- Born: October 1745 Westminster, England
- Died: July 11, 1807 (aged 61) Westminster, England
- Education: Trinity College, Cambridge
- Known for: Atwood machine
- Awards: Smith's Prize (1769) Copley Medal (1796)
- Scientific career
- Fields: Mathematics

= George Atwood =

English mathematician (1745–1807)

George Atwood (c. October 1745 – 11 July 1807) was an English mathematician who invented the Atwood machine for illustrating the effects of Newton's laws of motion. He was also a renowned chess player whose skill for recording many games of his own and of other players, including François-André Danican Philidor, the leading master of his time, left a valuable historical record for future generations.
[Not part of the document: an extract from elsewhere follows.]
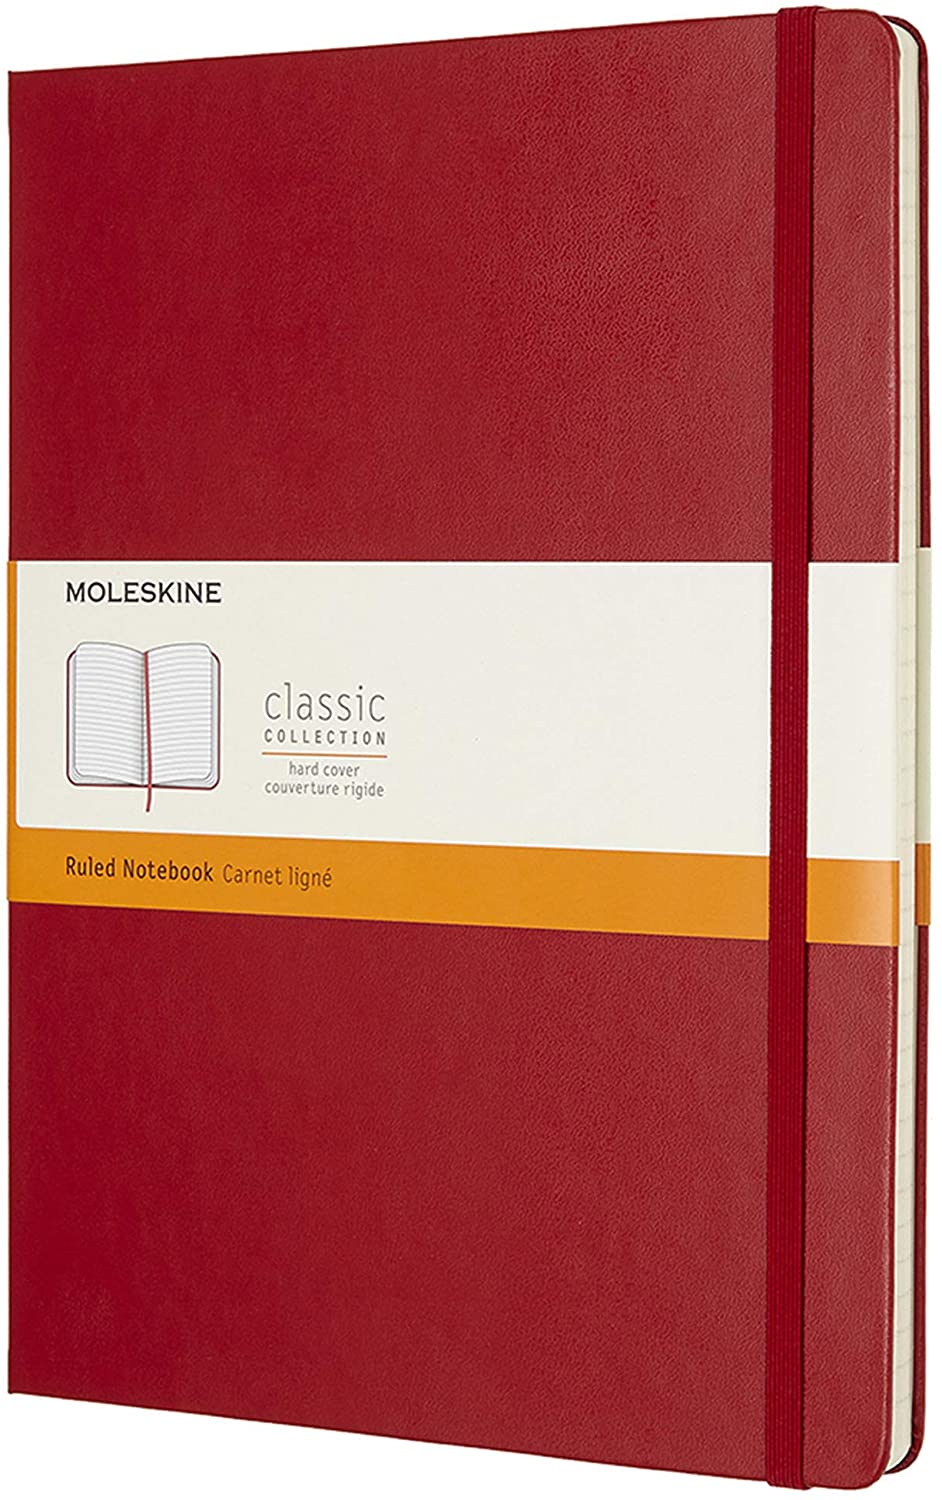 Carnet - Moleskine Classic - Hard Cover, X-Large, Ruled - Scarlet Red | Moleskine

Atwood was born in Westminster, with the date remaining unknown, but presumed to have been shortly before his baptism on 15 October 1745. He attended Westminster School, and in 1765, was admitted to Trinity College, Cambridge. He graduated in 1769, with the rank of third wrangler and was awarded the inaugural first Smith's Prize. Subsequently, he became a fellow and a tutor of the college. In 1776, he was elected a fellow of the Royal Society of London.

In 1784, he left Cambridge and soon afterwards received from William Pitt the Younger the office of patent searcher of the customs, which required but little attendance, enabling him to devote a considerable portion of his time to mathematics and physics.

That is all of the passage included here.